Standard Life's decision to cut bonus rates on its with-profits policies has come as no surprise; the company warned it would be necessary earlier this month.
But policyholders, who have now endured the fifth cut in their bonuses in two years, may be worried nevertheless. Assets in the with-profits fund actually rose by 14 per cent last year, yet bonuses have still been slashed. And Standard Life is not out of the woods: after talks with the Financial Services Authority on how it calculates its financial strength, it is currently considering demutualisation.
The problem for Standard Life customers is that while the stock market has picked up, it has not done so enough yet to clear three years of negative returns. They have invested in a with-profits fund, which uses "smoothing" to ensure policyholders get something in the bad times. Bonuses were paid in those lean years, and investors are now paying the price.
Standard Life is not alone: AXA Sun Life, Scottish Widows and Norwich Union have all made bonus cuts. Things may seem grim but policyholders should stick with the company, at least for now, and keep an eye on what happens.
Keep moving on ISAs
More and more of us are hunting around for the best investment plan or mortgage rather than taking what our bank has to offer. But we aren't so good at moving on again once that deal becomes less competitive.
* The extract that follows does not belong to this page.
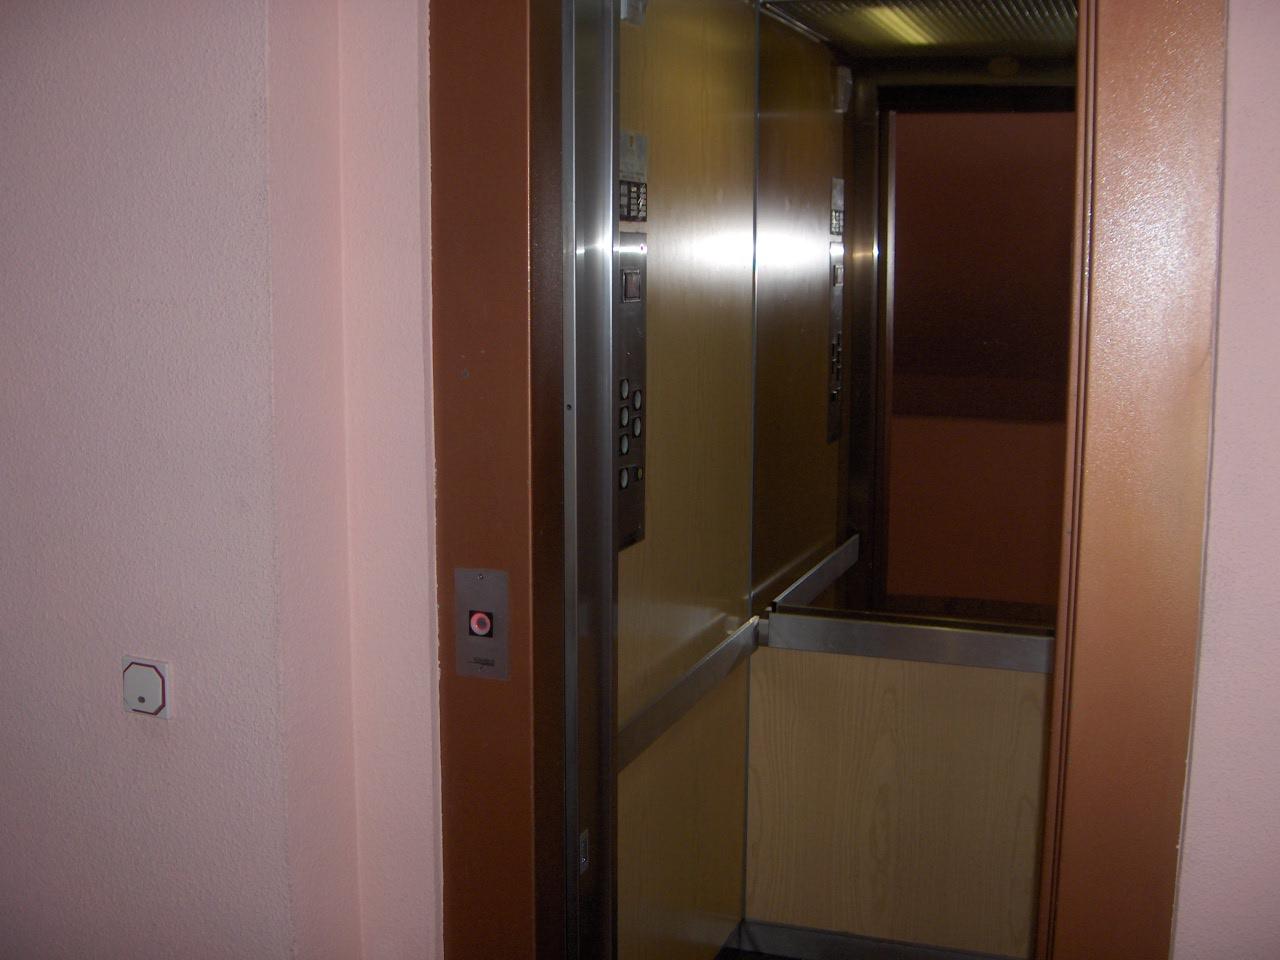 instalación de ascensores en comunidades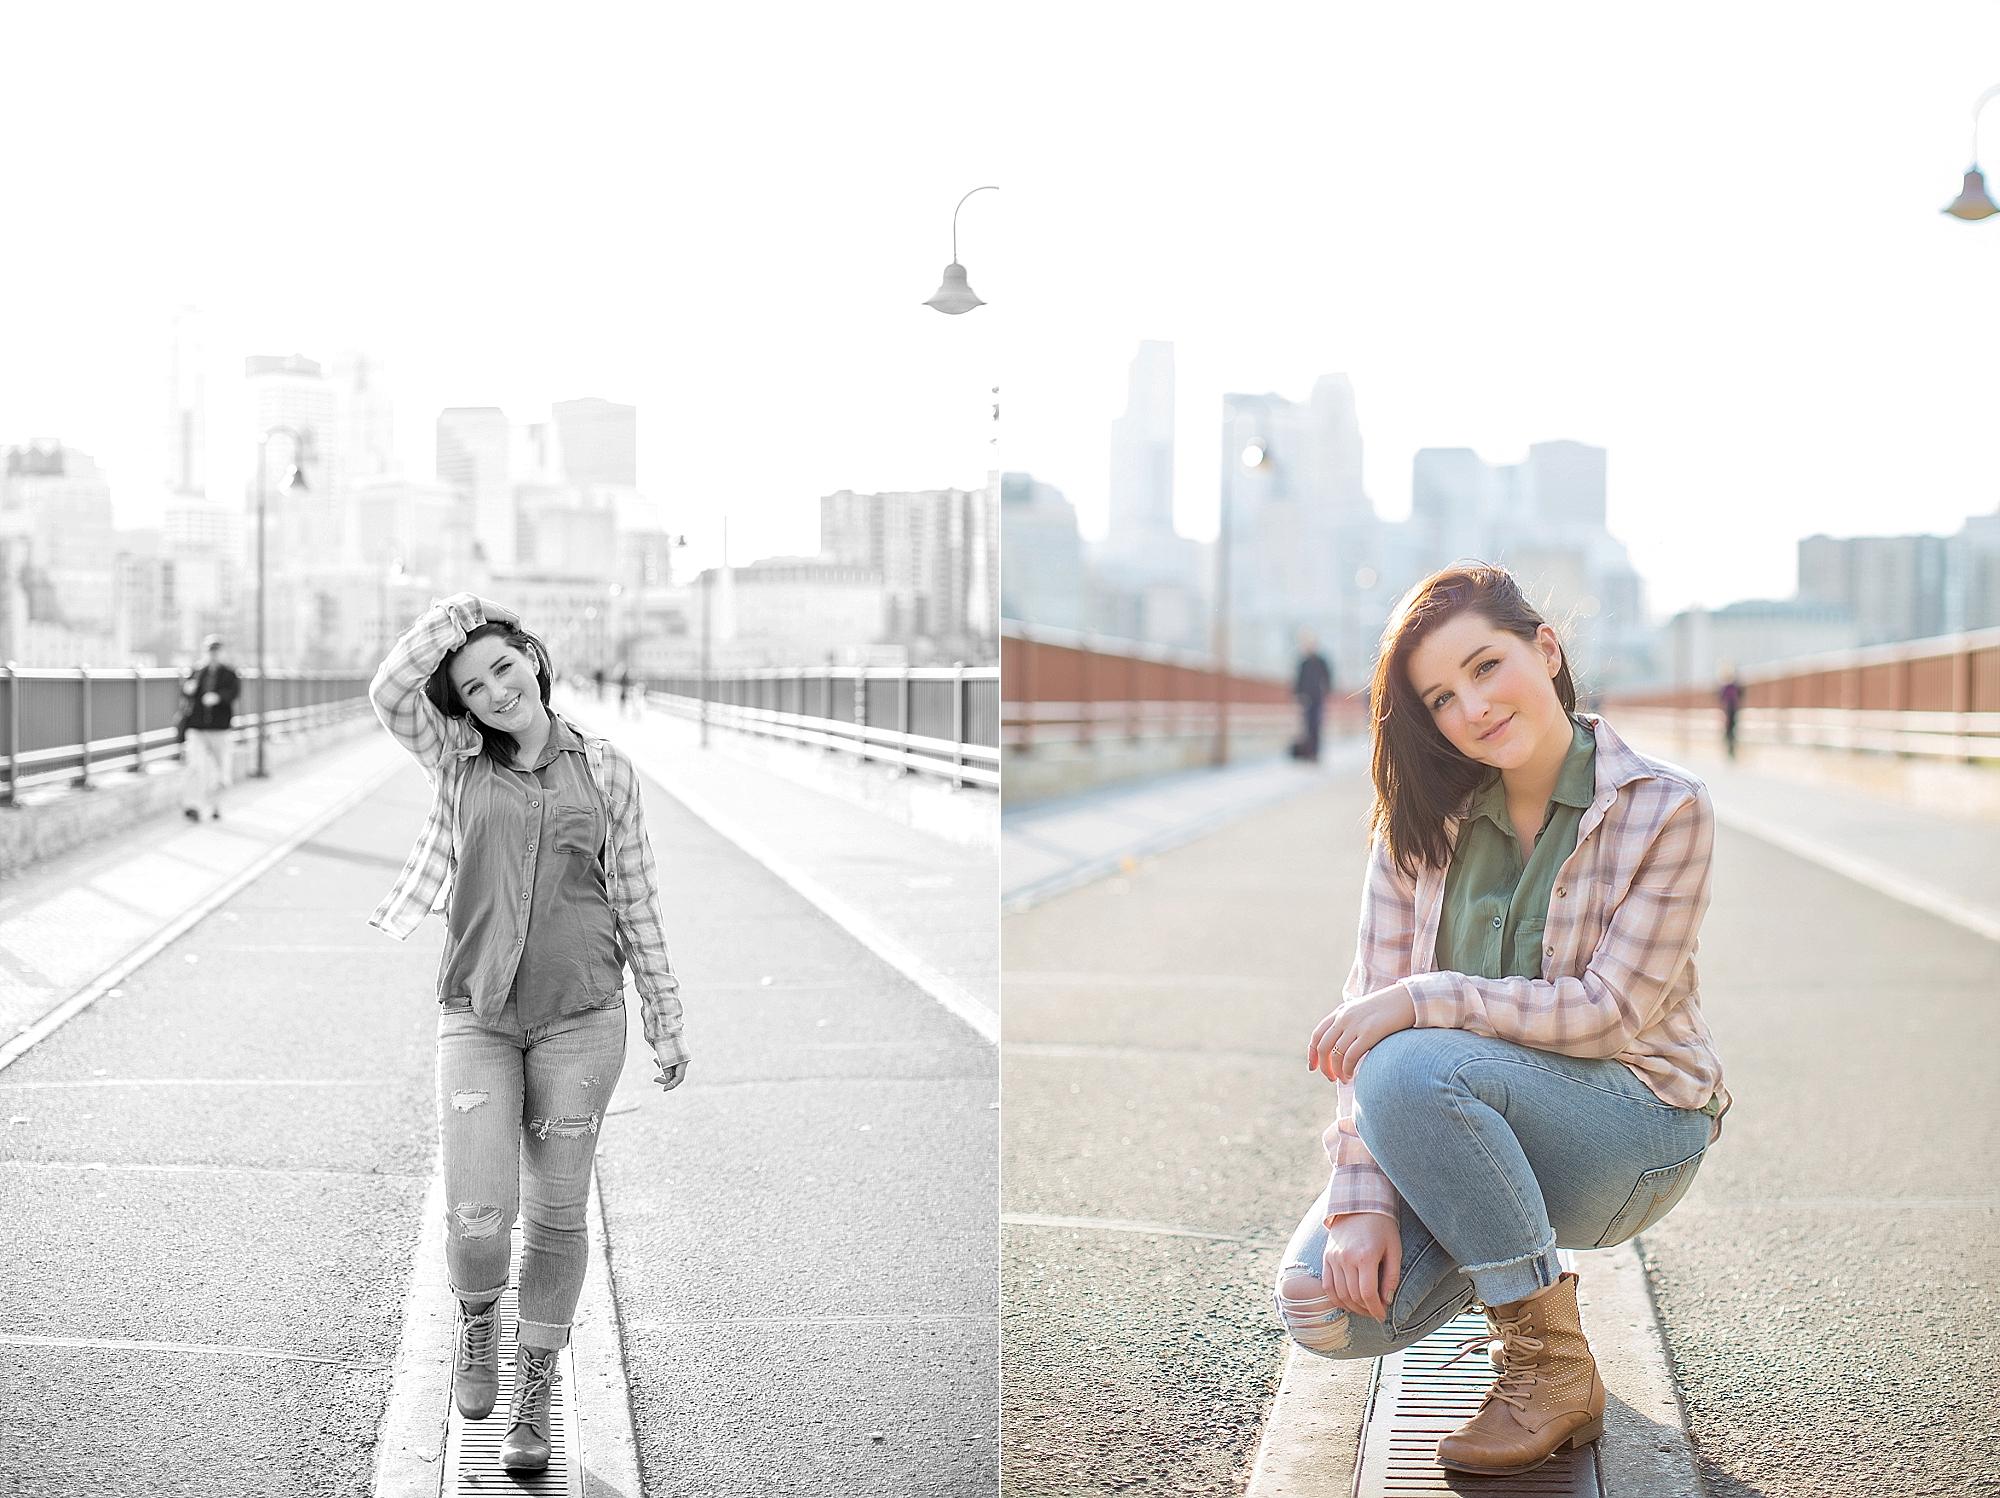 Minneapolis Potrait Studio Brio Art,Studio Photographer Katie Fears,high school senior photos,minneapolis senior photos,minnesota senior portrait photographer,senior photos,senior pics,st. paul senior portraits,

Research from Intelligent Finance (IF), the internet bank, reveals that if you opted for one of the top 10 mini cash individual savings accounts (ISAs) in 1999, there's a strong chance it won't be so competitive any more. Just three of that original list would come in the top 10 today, and the average rate of interest paid on these ISAs has fallen by almost twice the drop in the Bank of England base rate.
Despite this, only 3 per cent of ISA holders have ever changed providers. That one in four don't even realise it is possible to switch may have something to do with this, as may a lack of awareness that if you do move cash from one account to another, it won't affect your ISA allowance for the current tax year.
IF has an interest in all this because it offers a cash ISA that guarantees to pay at least 0.3 per cent above the base rate until 31 January 2005. The current pay rate is 4.35 per cent.
From 2006 the Chancellor will reduce the maximum you can invest each year in a mini cash ISA from £3,000 to £1,000, and in a maxi equity ISA from £7,000 to £5,000. Before you lose part of your allowance, now is a good time to reassess ISA investments.